For Classification task:
Commands:
python train.py --task 'cls' --checkpoint_dir 'checkpoints_local_new' --locality --batch_size 32 --num_epochs 200
python eval_cls.py --output_dir 'output_local' --checkpoint_dir 'checkpoints_local_new/cls' --locality
Description:
Accuracy of best model: 0.976 (w/ locality) vs 0.981 (w/o locality)!! The performance actually slightly drops by using locality! Note: The model without locality was much bigger than the model with locality.
Visualization:
| Class | Chair | Lamp | Vase |
|---|---|---|---|
| W/O Locality Prediction | Chair | Chair | Lamp |
| W Locality Prediction | Lamp | Chair | Vase |
| Point Cloud | ![]() |
![]() |
![]() |
Inference:
I have added an example of where both the models are wrong (in classifying the lamp example), an example where w/o locality the model got it right (chair example) and an example where the model with locality got it right but w/o locality got it wrong (vase example). For the instances when both the model got the classification wrong, its just ebcause of the samples being too hard, to an extent wehre even humans would be unavailable to tell the differences. For the cahor example, its so flat that the model assumes its not a chair. Also the model without locality is much bigfer because at each stage im using all the points and their independent features until i pool and apply a MLP on it, wheras im pruning downsampling the number of points heirarchically in the w/ locality model, which measn that the model without with locality has a beter chance to overfit, and thats what is happening! Also, I feel the model with locality is able ot generalize better on fine structures, like the vase example where there the individual connected components can easily convey its a vase and not a lamp, unlike the model without locality which looks at the structure at the bottom and concludes its a lamp not a vase (this is an intuitive explanation, i have not visualised the gradcamm outputs nor the activations)
For Segmentation:
Comamnds:
python train.py --task 'seg' --checkpoint_dir 'checkpoints_local_new' --locality --batch_size 32 --num_epochs 200
python eval_seg.py --output_dir 'output_local' --checkpoint_dir 'checkpoints_local_new/seg' --locality
Description:
Accuracy of best model: 0.914 (w/ locality) vs 0.901 (w/o locality).
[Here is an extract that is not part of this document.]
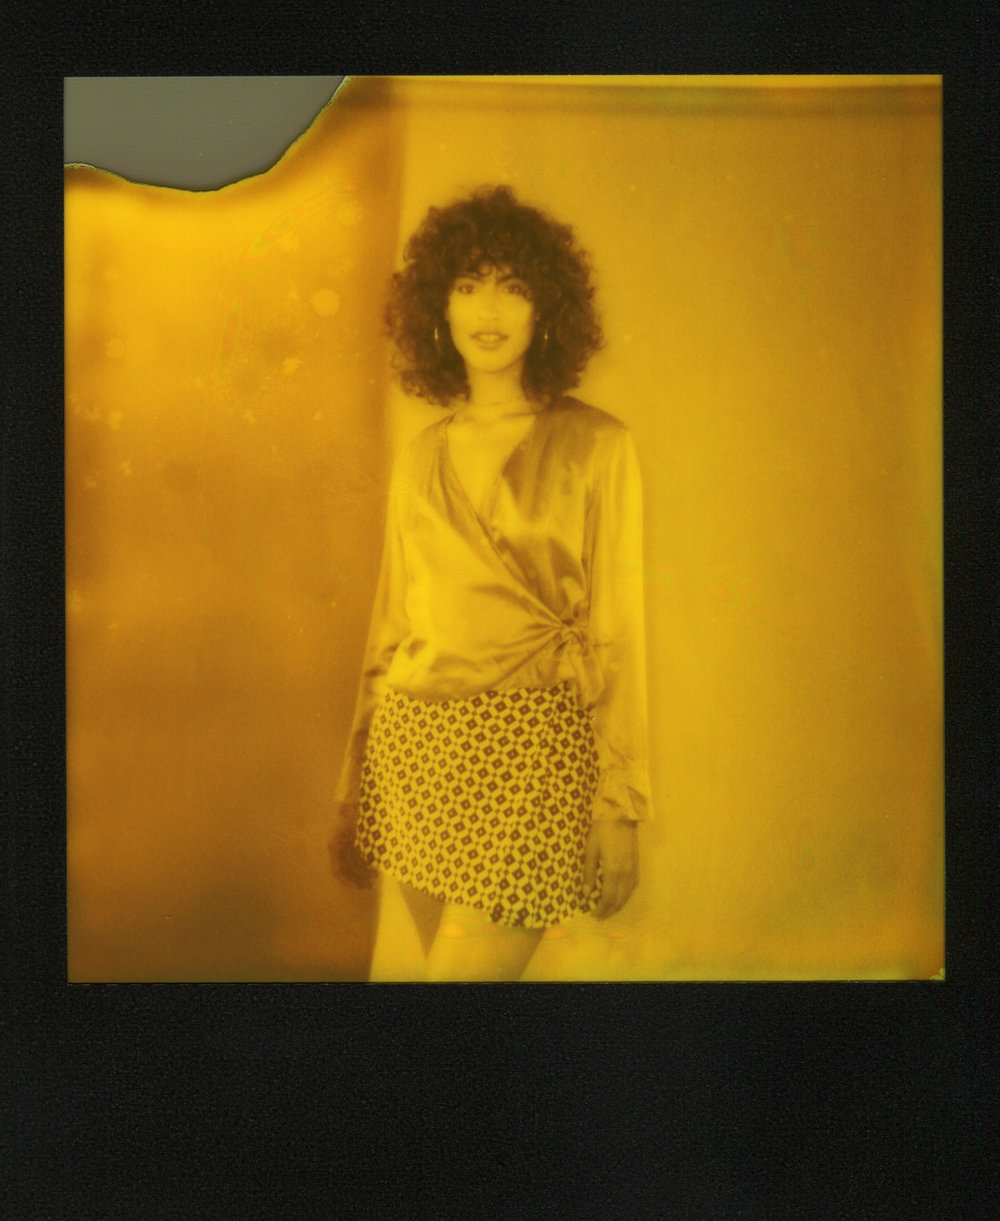 Brianna-Yellow-Polaroid-casenruiz.jpg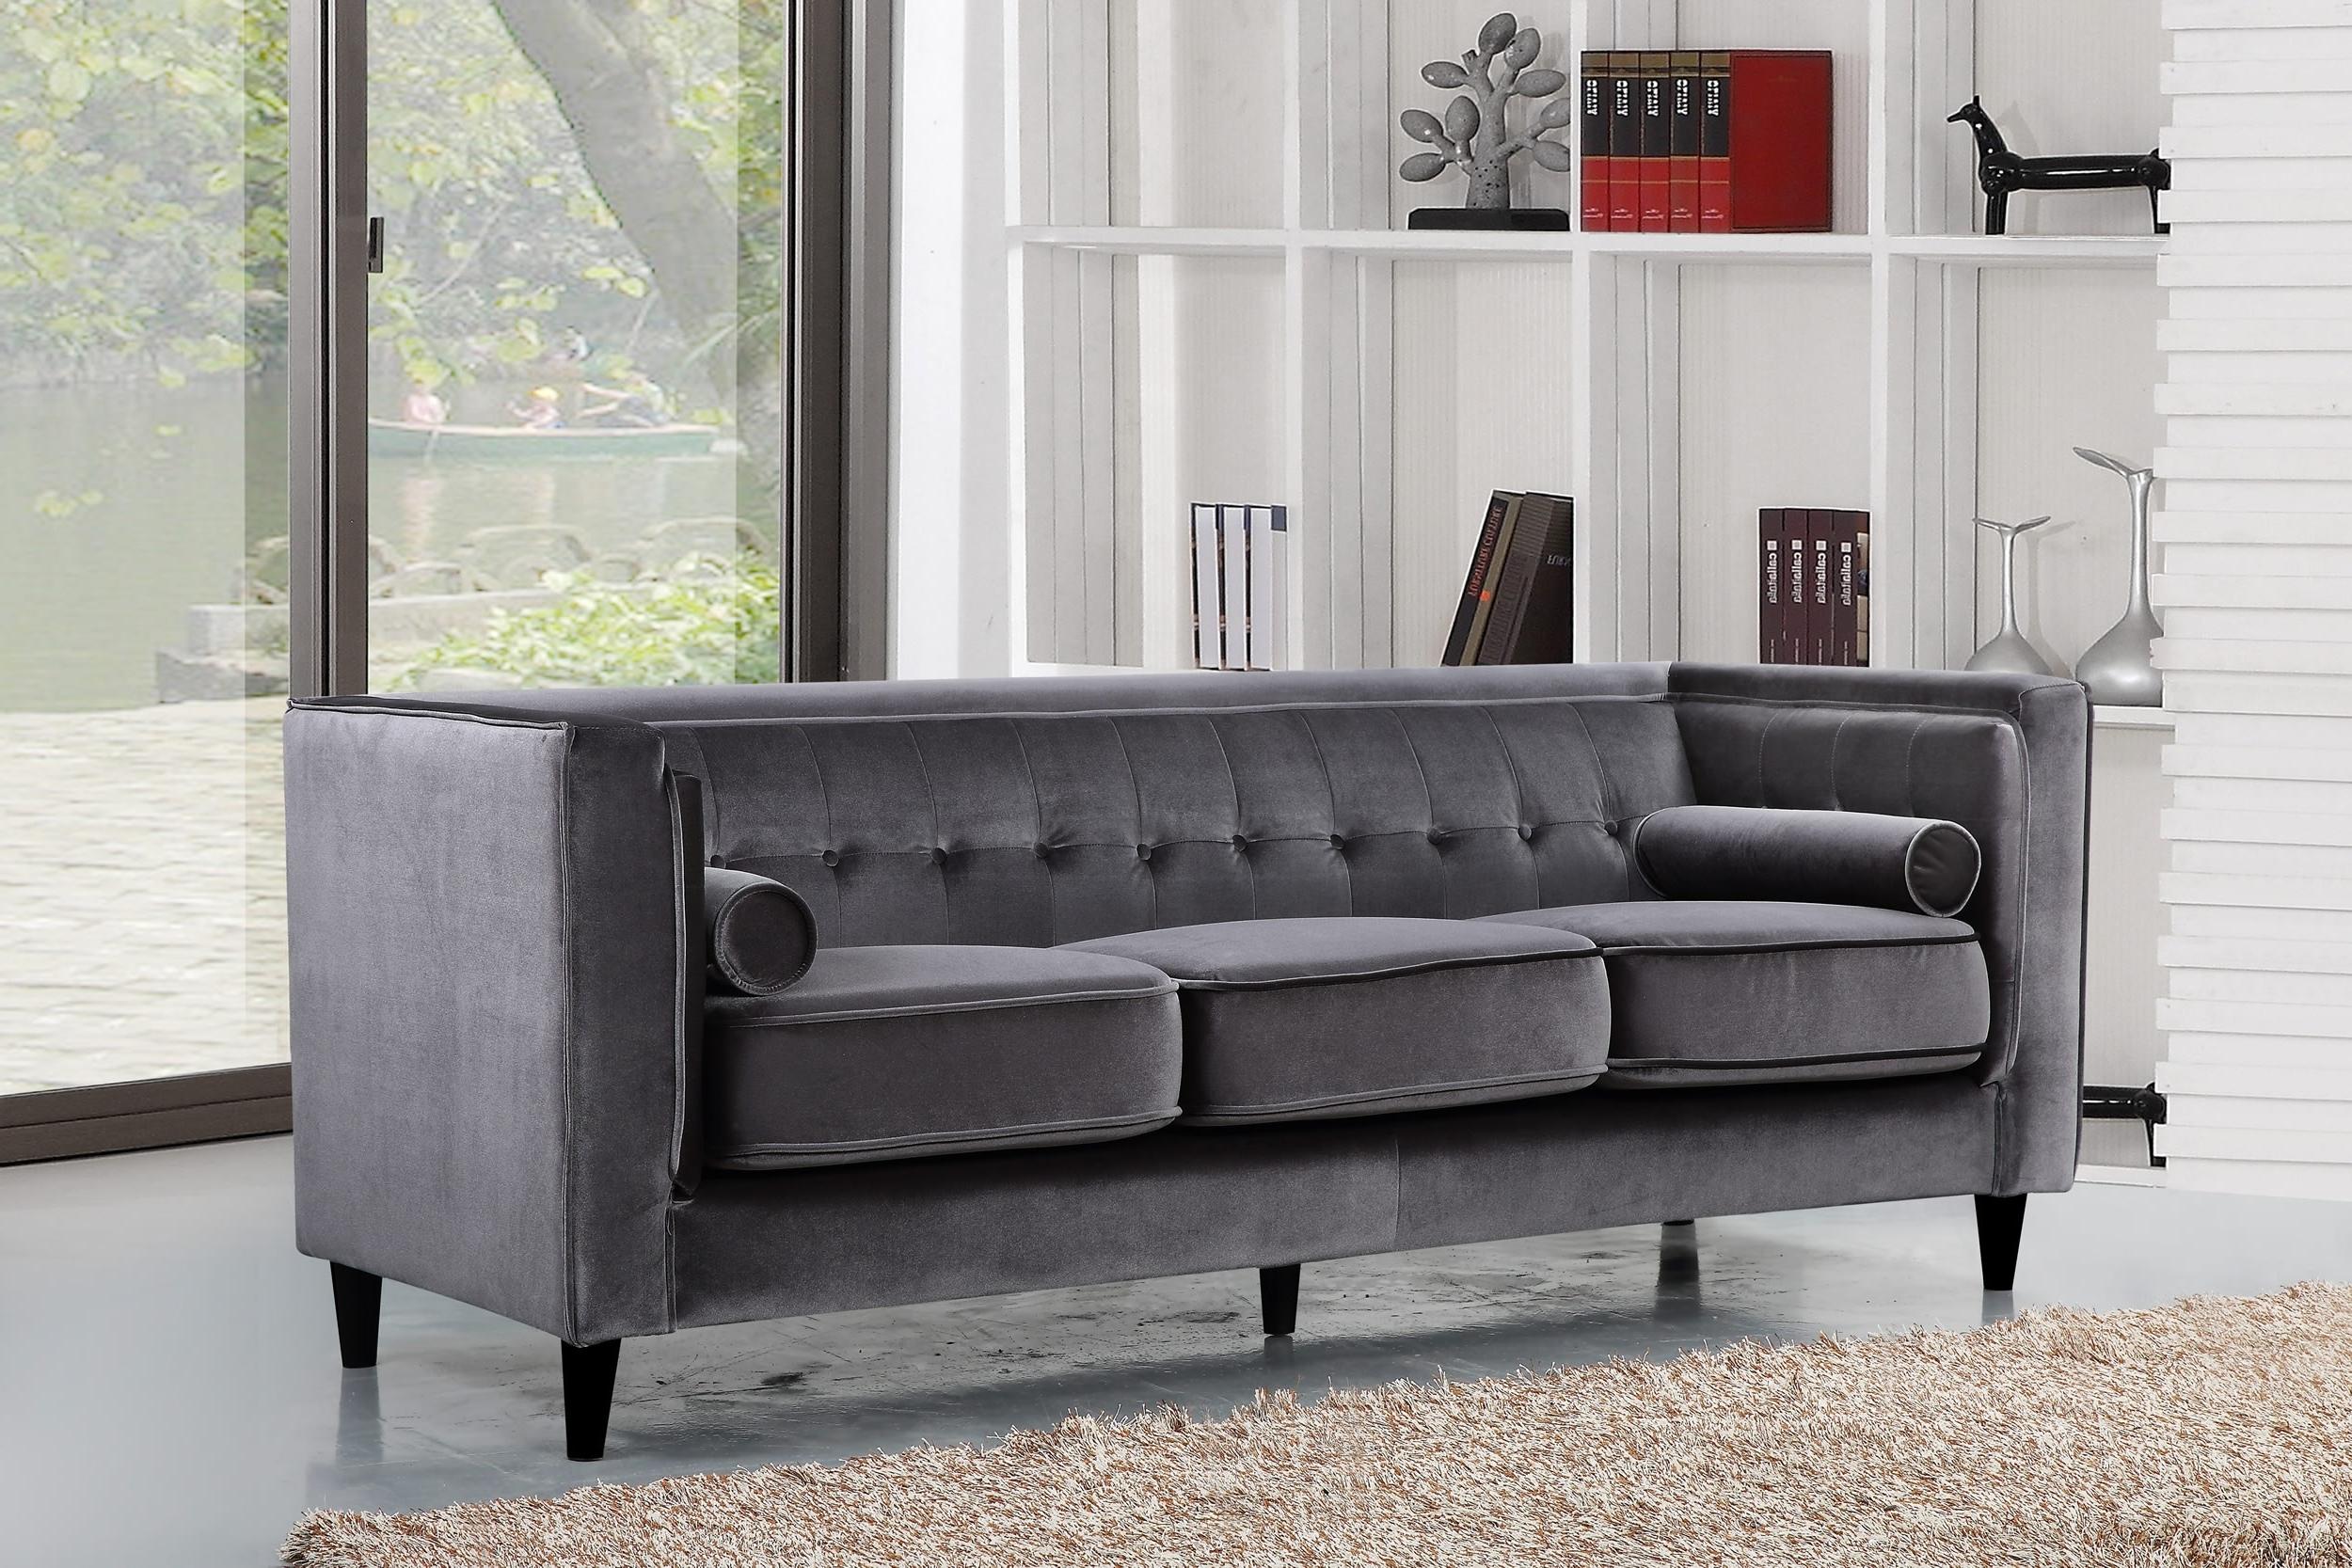 Taylor Velvet Sofa, Grey Buy Online At Best Price – Sohomod Intended For Widely Used Velvet Sofas (View 14 of 20)

The performance increases with locality, as expected, in comparison to classification as we segmentation is a harder task and it requires informations around where surfaces change and with locality its more informed. Note: The model without locality was much bigger than the model with locality.
Visualization:
| Ground Truth | ![]() |
![]() |
![]() |
![]() |
![]() |
|---|---|---|---|---|---|
| W/O Locality Accuracy | 0.510 | 0.622 | 0.561 | 0.625 | 0.991 |
| W/O Locality Prediction | ![]() |
![]() |
![]() |
![]() |
![]() |
| W Locality Accuracy | 0.743 | 0.681 | 0.606 | 0.455 | 0.989 |
| W Locality Prediction | ![]() |
![]() |
![]() |
![]() |
![]() |
Inference:
Keeping in mind the model with locality is much smaller than the model without it, its getting better performance in general and most samples have a bit of boost in accuracy as the model is able to segment points better at transition regions, and there is significant boosts in certain examples as in example 1 (from the left). There are however certain examples where the model does not perform as good as the model with locality in complex examples (2nd from the right). The important thing seems to be that the model’s improved predictions outweigh the decrease in performance in other predictions. however, in general, this lightweight model performs better than the default model.